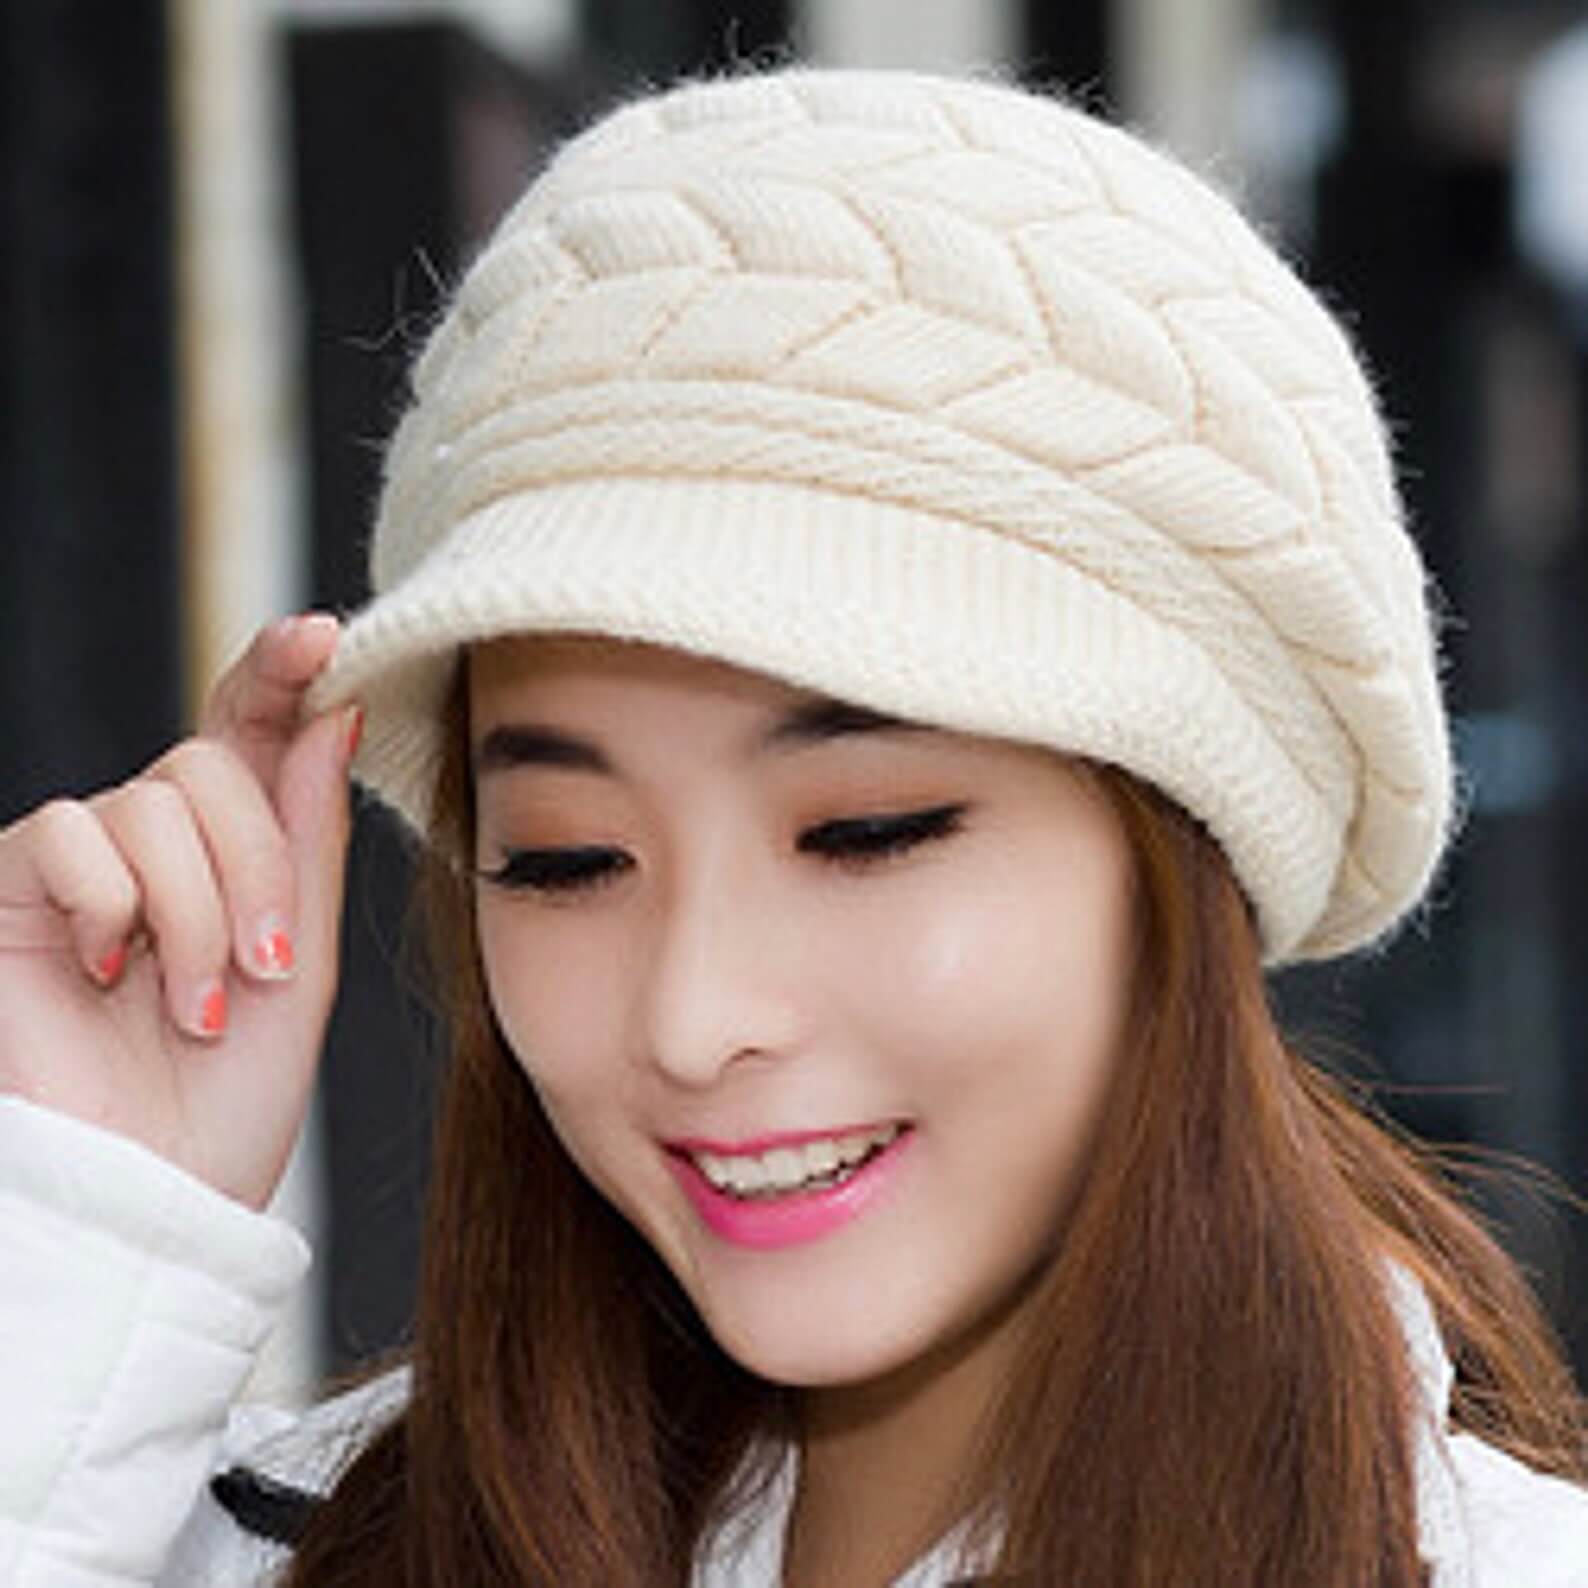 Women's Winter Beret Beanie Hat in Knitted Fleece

■ ■ ■ ■ ■ ■ ■

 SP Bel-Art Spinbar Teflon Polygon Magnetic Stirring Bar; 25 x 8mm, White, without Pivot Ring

■ ■ ■ ■ ■ ■ ■

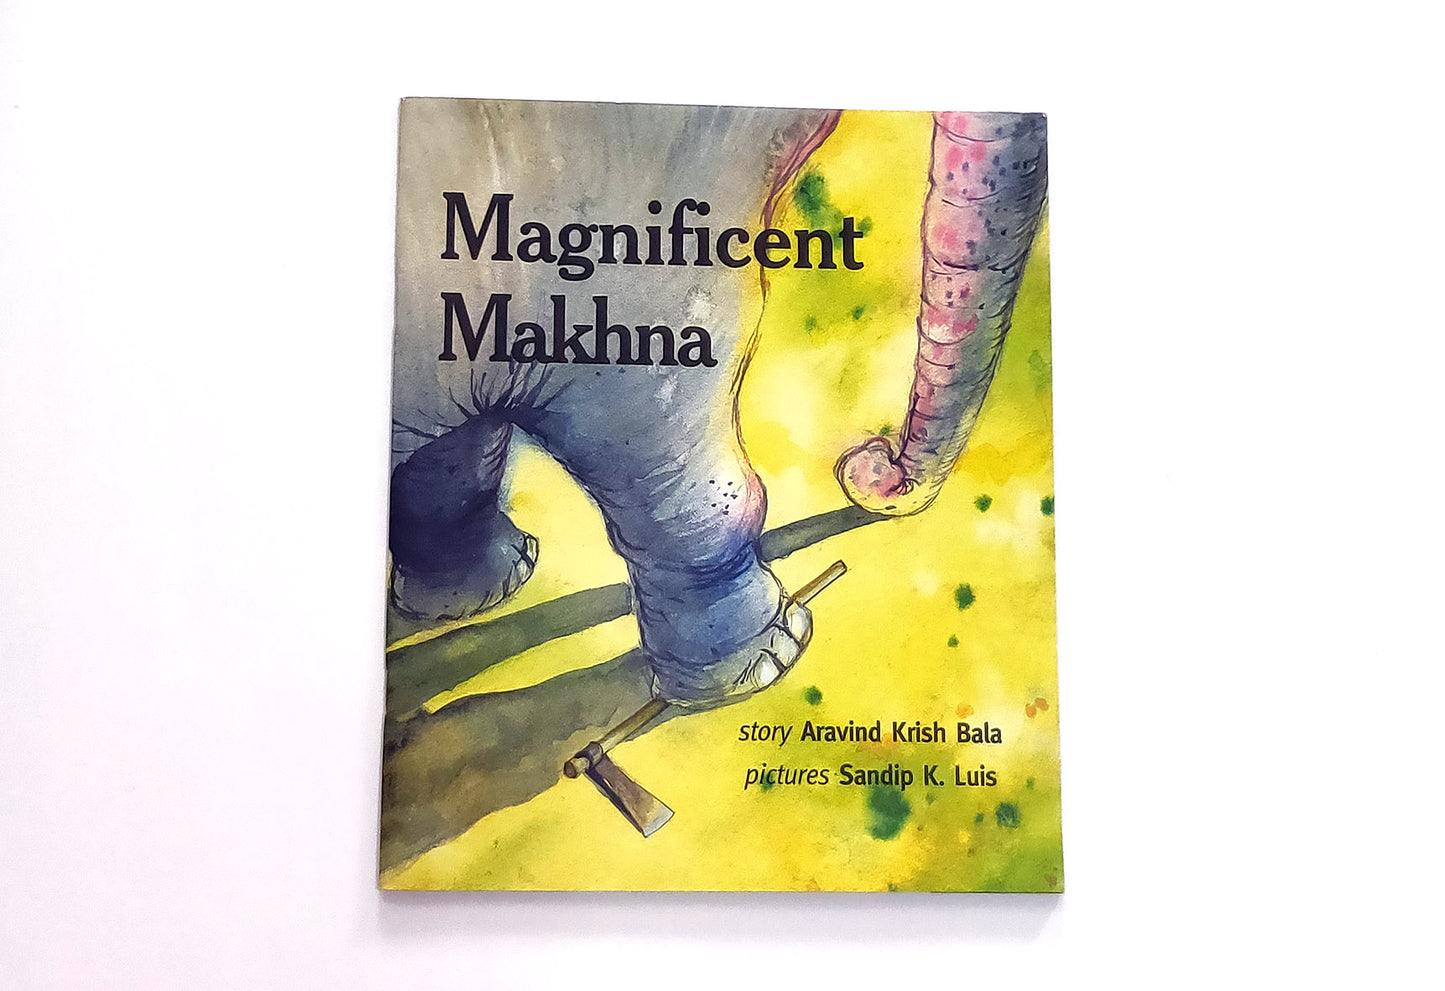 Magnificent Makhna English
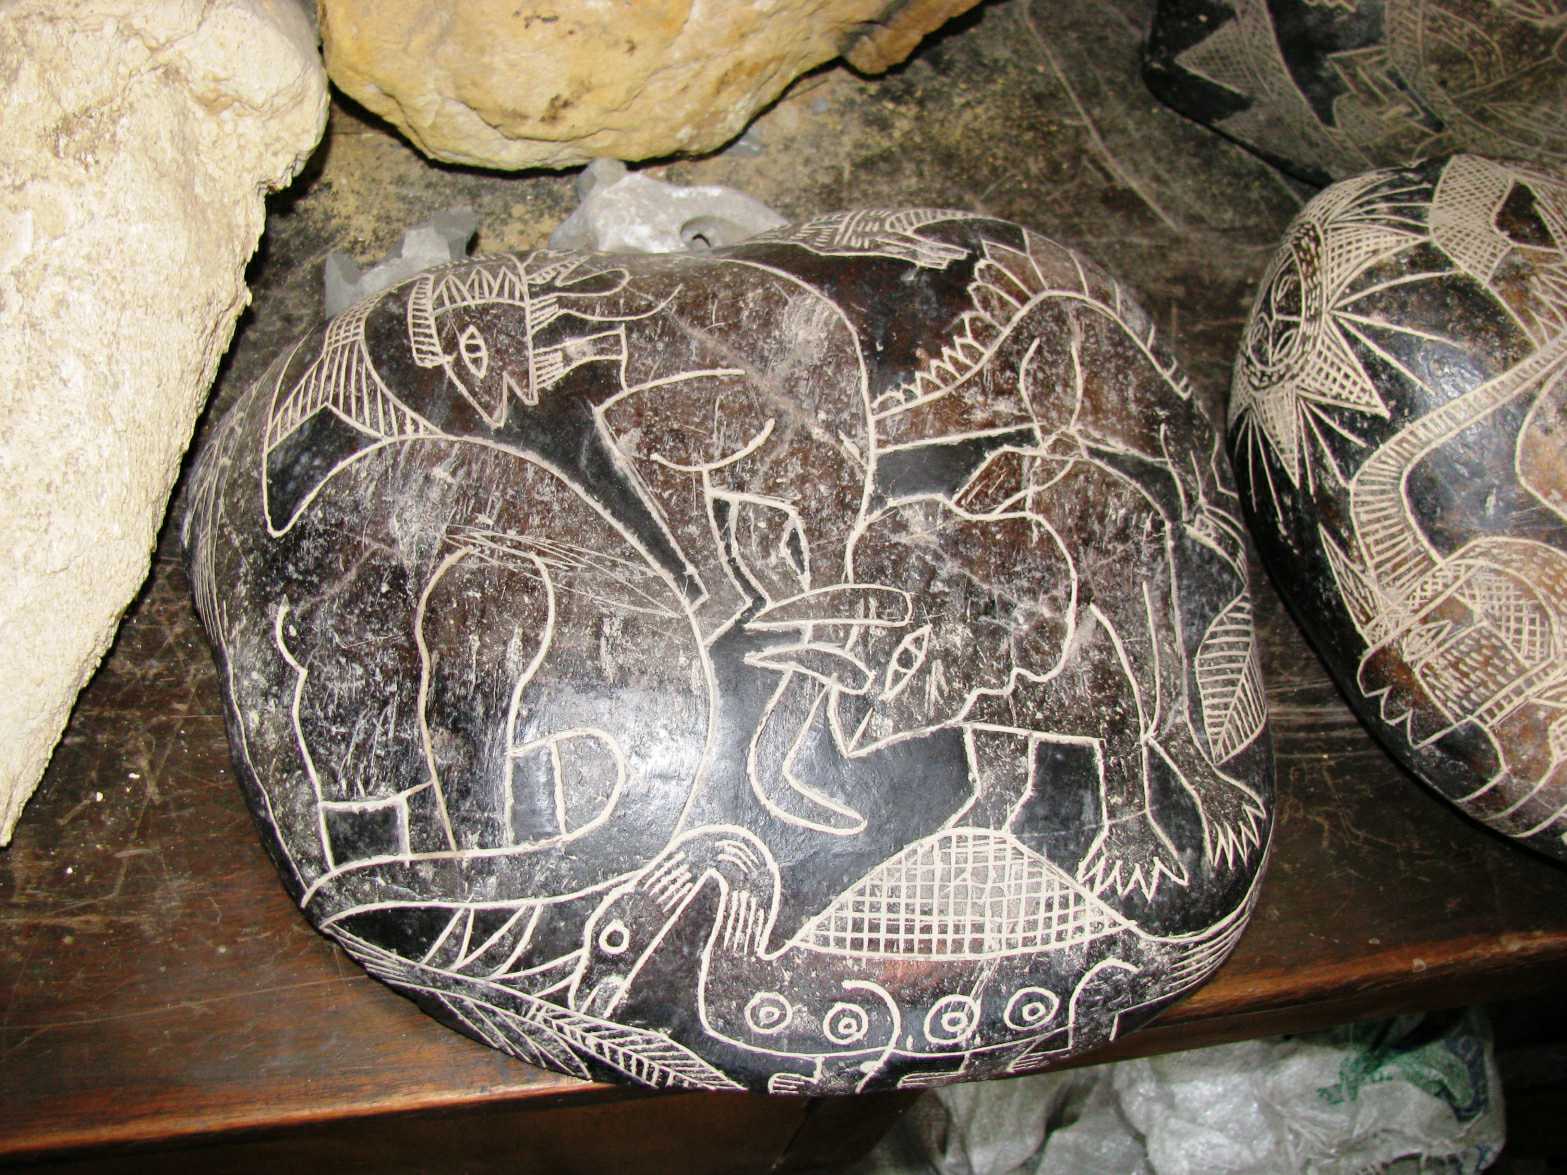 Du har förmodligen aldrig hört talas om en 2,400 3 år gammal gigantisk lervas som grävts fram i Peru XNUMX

■ ■ ■ ■ ■ ■ ■

-- WHAT YOU NEED TO DO --
Both boundary lines included, write out word for word only the lines above from the one containing "Magnificent Makhna English" to the one containing "Du har förmodligen", leaving out any pictures.

-- WRITTEN ANSWER --
 Magnificent Makhna English
 Du har förmodligen aldrig hört talas om en 2,400 3 år gammal gigantisk lervas som grävts fram i Peru XNUMX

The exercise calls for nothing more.